Wednesday, March 21, 2007

The Illusionist

"Everything you have seen here has been an illusion"

Written by:
Neil Burger and Steven Milhauser

Directed by:
Neil Burger

Edward Norton
Paul Giamatti
Jessica Biel

My rating: 2/5

"What a disappointment" was what I could be heard shouting all the way home after seeing this movie. The one thing worse than a bad movie is a movie that was well capable of being good but was obviously just too lazy to accomplish quality. The ever-lovely and talented Mr. Norton has a real knack for picking such films and The Illusionist is no exception. The story follows Eisenheim the Illusionist as he tricks and magicks his way to happiness with the love of his life, the Dutchess Sophie, betrothed to the dastardly Prince Leopold.

The simple plot allowed plenty of spce for magnificent conjuring and interesting set-pieces and while I kept repeating to myself that it's unfair to compare it to The Prestige, I found myself awfully disappointed in the fact that Eisenheims "illusions" were too far-fetched to ever believe they were possible. The difference between The Illusionist and The Prestige is that the former made no effort to make the audience believe in Eisenheims skill as a performer. He never claimed magical powers but they never explain how he gets butterflies to carry an audience-member's hankie back to her, or his use of holograms in the 18th century.

Another major problem was the stiff lack of chemistry between the two leads. Edward Norton probably knew his vast superiority to the awfully unconvincing Jessica Biel and they never got past the "polite" stage in their supposedly profound relationship.

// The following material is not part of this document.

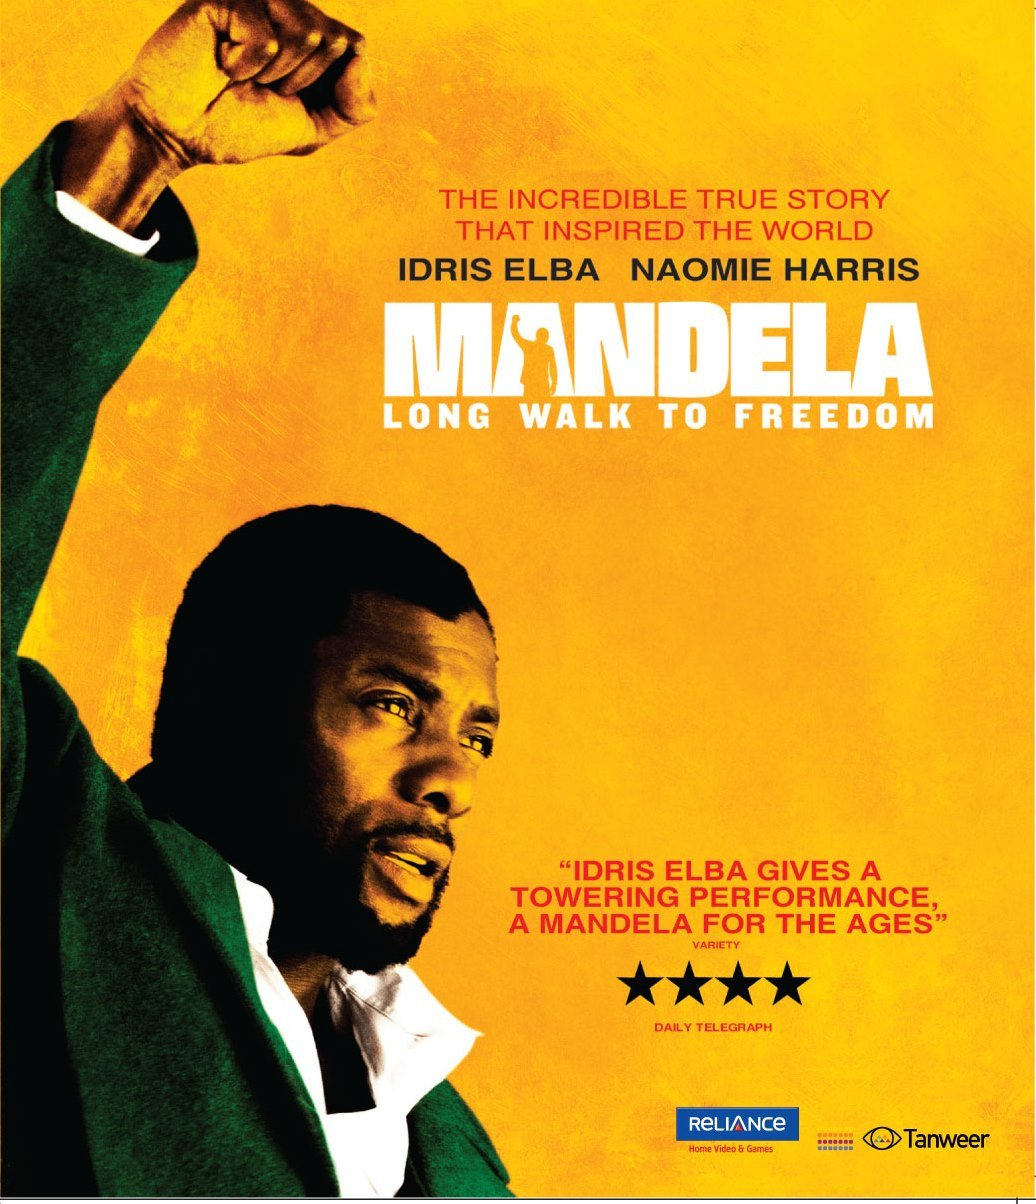 mandela long walk to freedom full movie download in hindi

On the plus side, the film looks absolutely stunning with oscar-nominated cinematography. Some of the stage performances were nicely designed. A strong performance from Paul Giamatti as the conflicted police inspector is also noteworthy. Unfortunately, Norton's performance never quite rises to the occasion. For a performer with Norton's famed intensity, it is disappointing (there's that word again) to see such a lazy attempt here.

As an extra disappointment, the film has a horribly executed "twist" ending. The only shock in that twist was that I realised I wasn't supposed to realise what was going on. Yet another film that depends on its twist ending but unfortunately treats its audience like idiots.

If you want my advice, forget The Illusionist and watch The Prestige twice instead. And if you're looking for a typically brilliant Edward Norton performance, don't waste your time with this, hold out for his magnificent turn in The Painted Veil instead.